- Wadduwa Location within Sri Lanka
- Coordinates: 6°42′48″N 79°54′15″E﻿ / ﻿6.71333°N 79.90417°E
- Country: Sri Lanka
- Province: Western Province
- Time zone: UTC+5:30 (Sri Lanka Standard Time Zone)
- • Summer (DST): UTC+6 (Summer time)

= Wadduwa =

Wadduwa (වාද්දුව, வாதுவை) is a town in the Western Province of Sri Lanka. It is situated on the western coast of Sri Lanka, about 33 km south of Colombo. It spans from 30.5 to 36.5 km area along the Galle Road, 4.5 km to the land side and 1 km to the seaside. It is also famous for its rich cultivation of coconut palms and as a major producer of toddy and vinegar. There are few historical places in the area such as ancient Catholic church and Dhaaldawatta Purana Maha Viharaya. Wadduwa is popular for the products made from coconut fibre such as brooms, carpets etc.

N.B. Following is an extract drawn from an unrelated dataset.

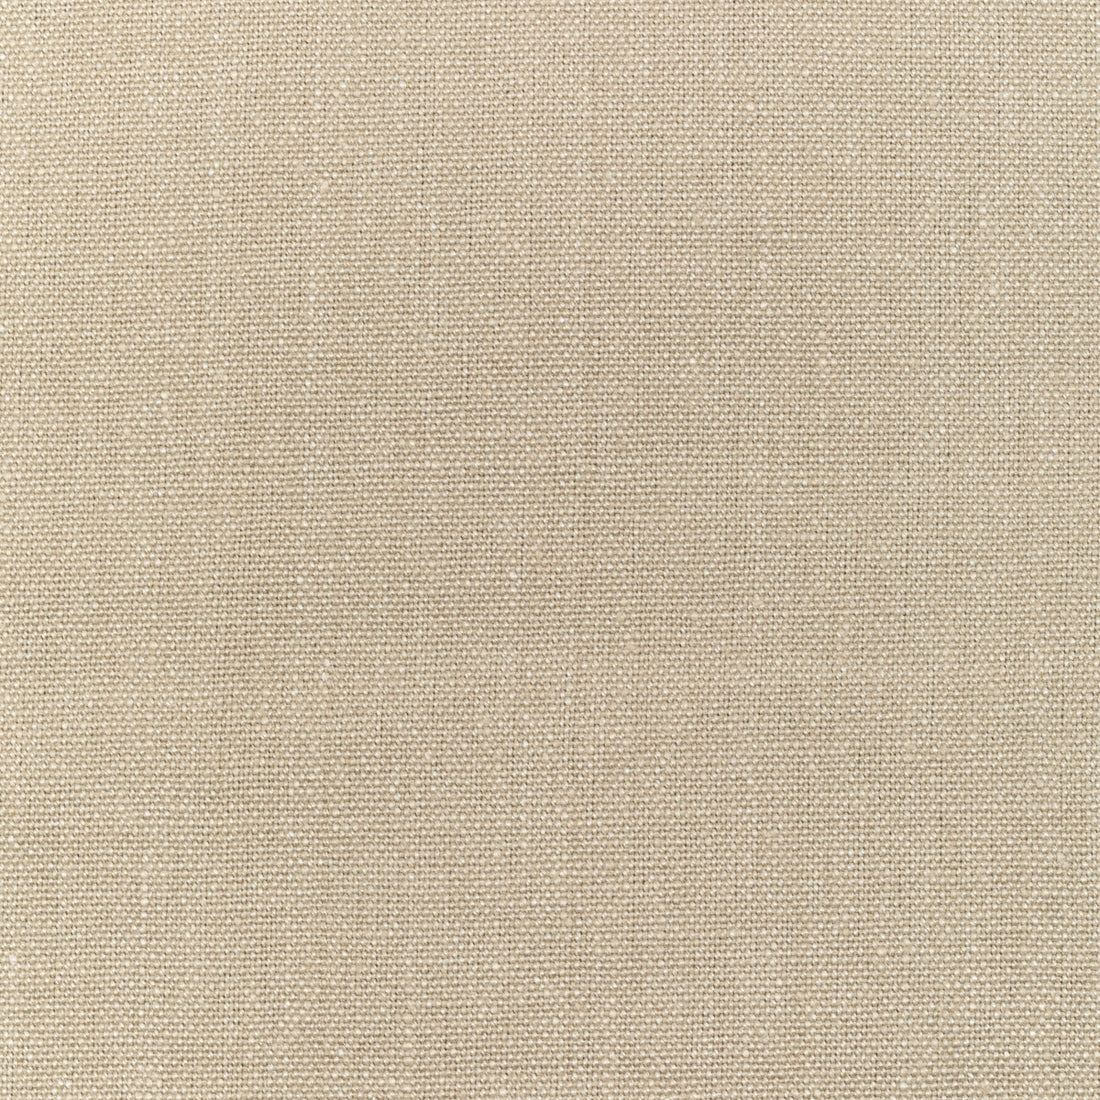 Knightsbridge fabric in oatmeal color - pattern PF50199.230.0 - by Baker Lifestyle in the Perfect Plains collection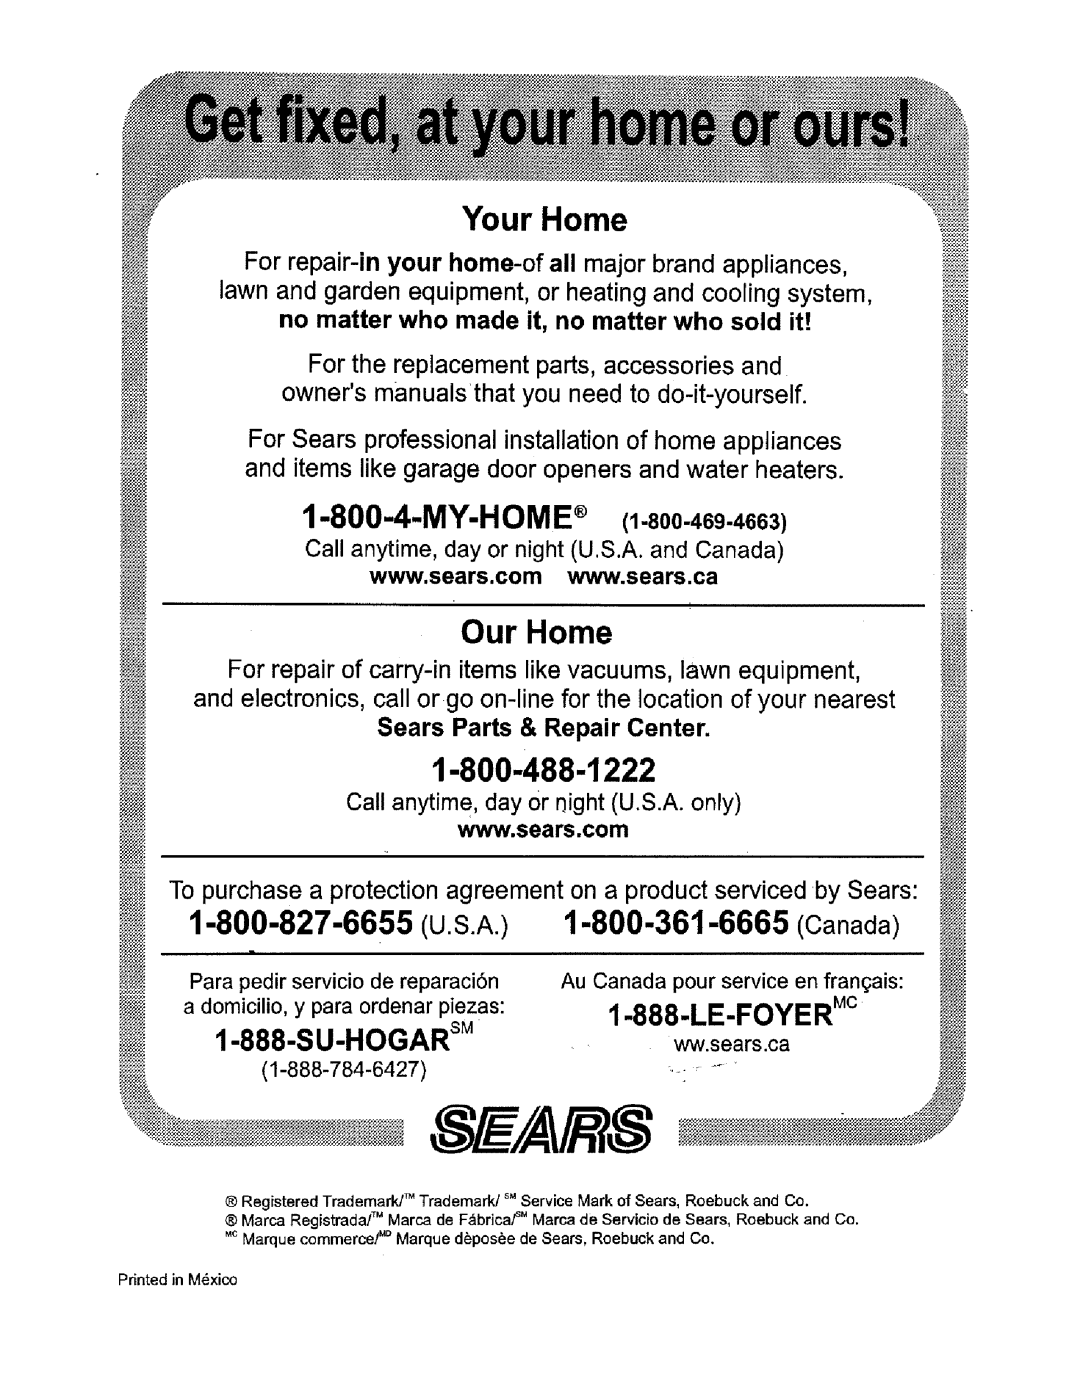 Kenmore 62042 owner manual Your Home, My-Home, Our Home, LE-FOYER Mc, Su-Hogar, ww.sears.ca

Wadduwa is governed by Panadura Pradeshiya Sabha.

==Origin of the name==

According to folklore, there were many native indigenous doctors in this area in the past. The name for native doctors in Sinalese Language is "veda mahaththayaa", thus comes the name 'veda doova' meaning the land of the native doctors. It has later become "Wadduwa".